> **TASK TO CARRY OUT**
Your answer should be the full data, transcribed exactly, with no pictures in it.

> **RAW DATA**
--------
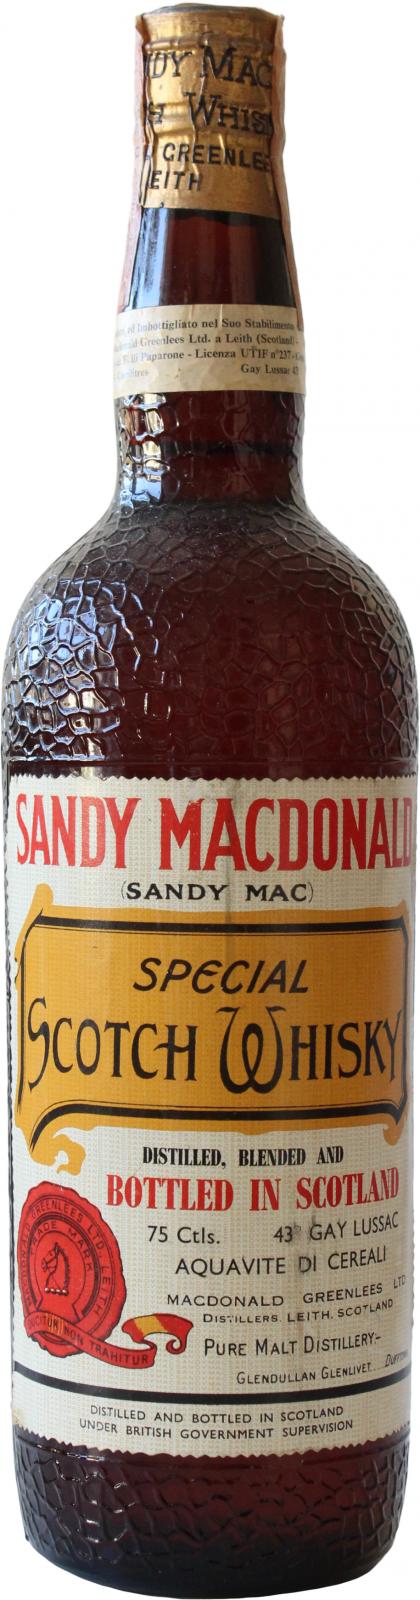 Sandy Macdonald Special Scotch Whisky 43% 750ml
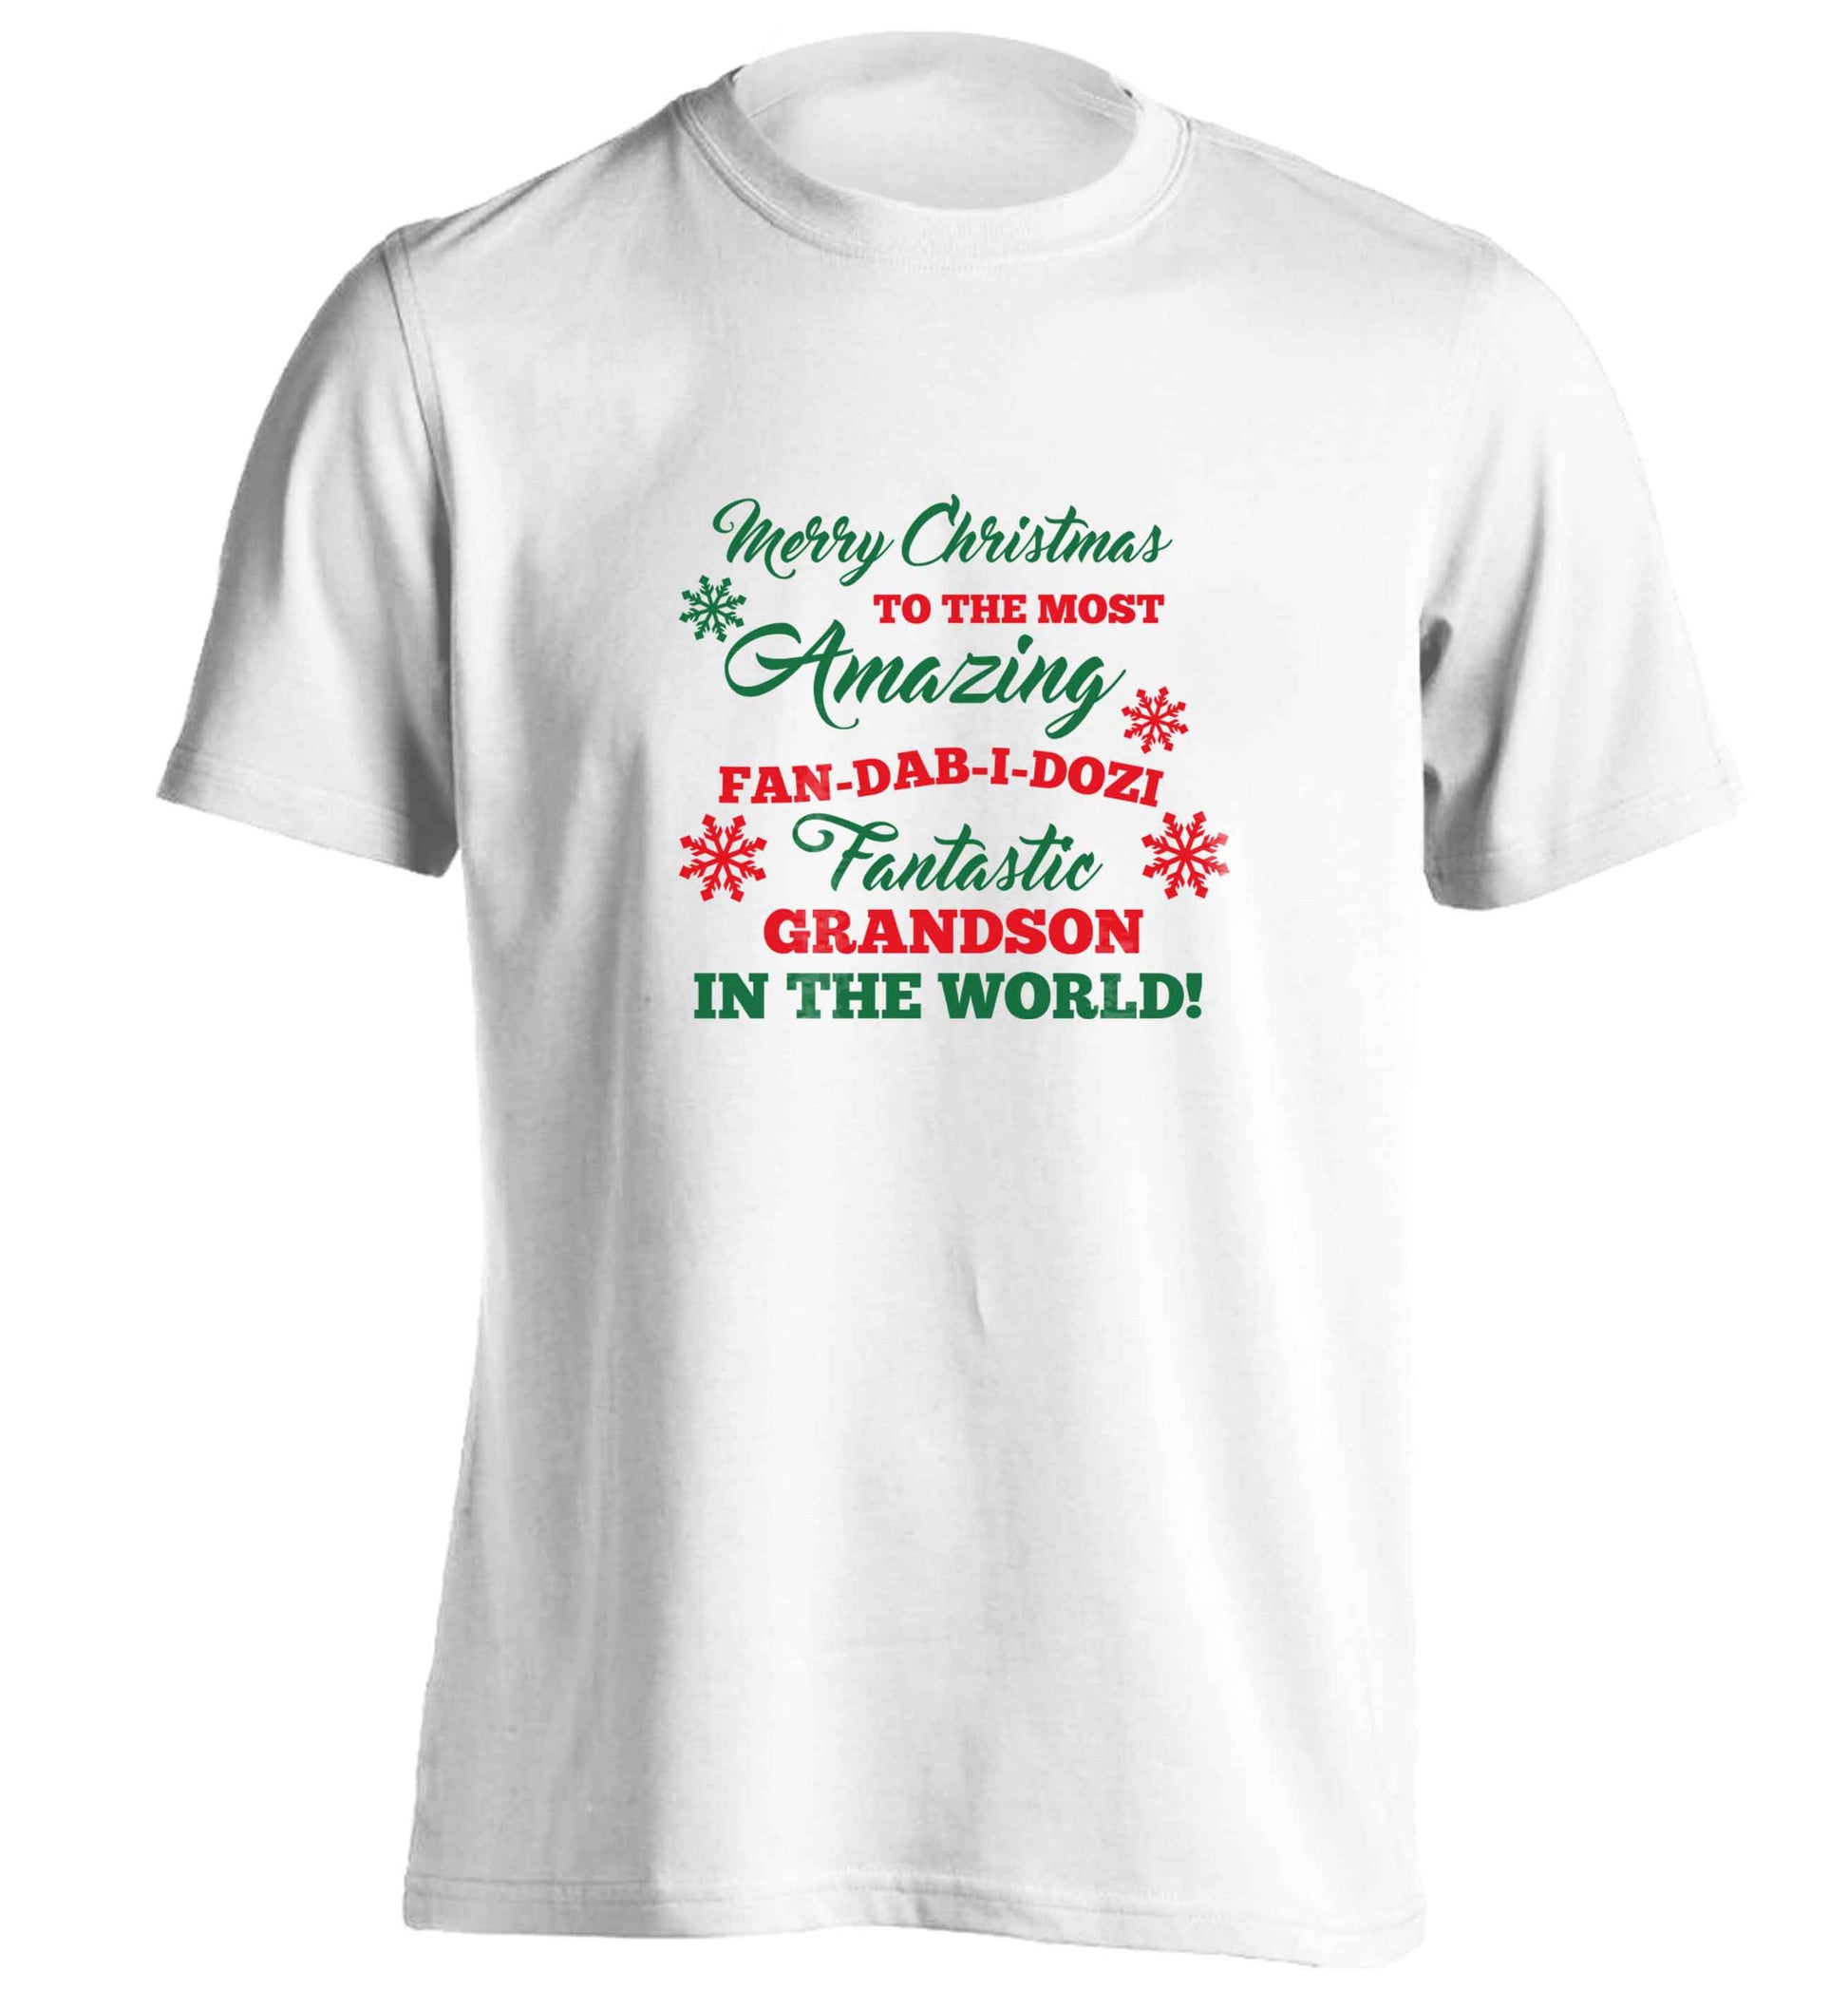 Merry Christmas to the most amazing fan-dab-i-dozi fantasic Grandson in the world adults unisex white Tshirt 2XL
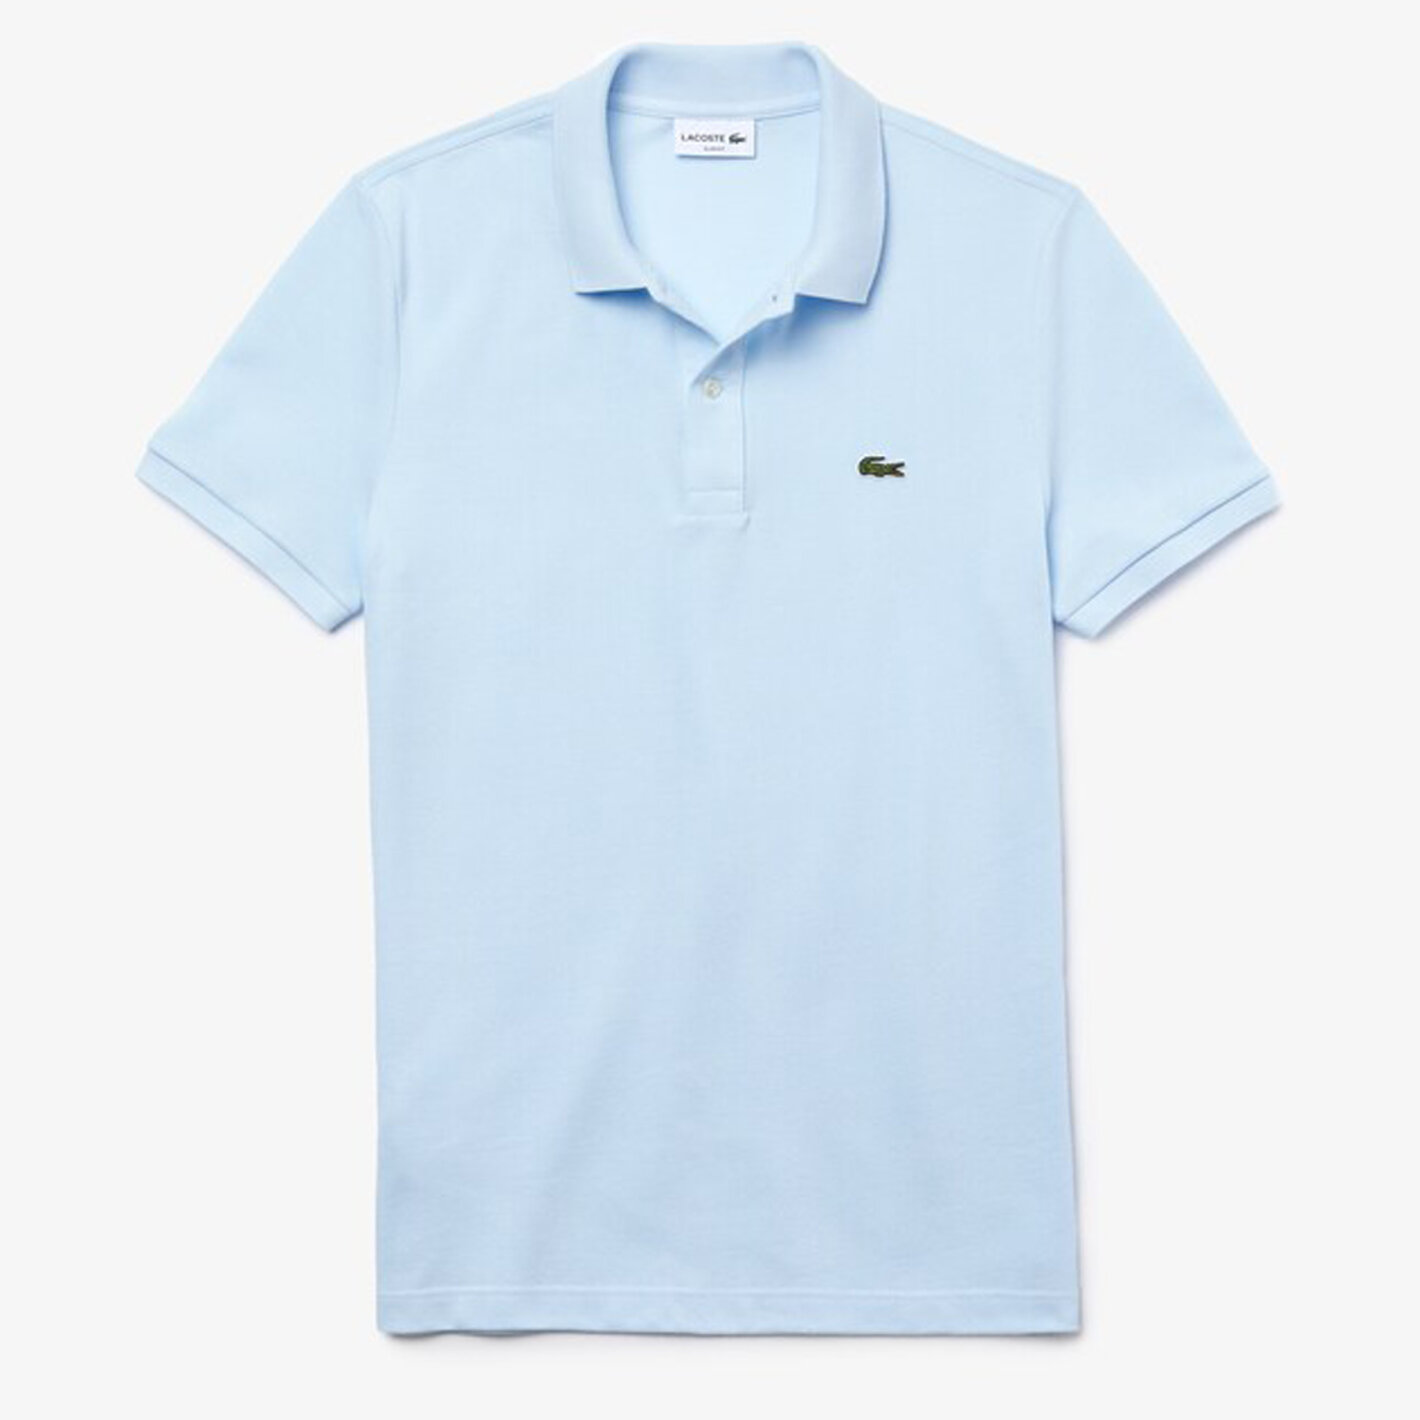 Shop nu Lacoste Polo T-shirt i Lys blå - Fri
--------
> **OUTPUT FOR THIS EXERCISE**
 Sandy Macdonald Special Scotch Whisky 43% 750ml
 Merry Christmas to the most amazing fan-dab-i-dozi fantasic Grandson in the world adults unisex white Tshirt 2XL
 Shop nu Lacoste Polo T-shirt i Lys blå - Fri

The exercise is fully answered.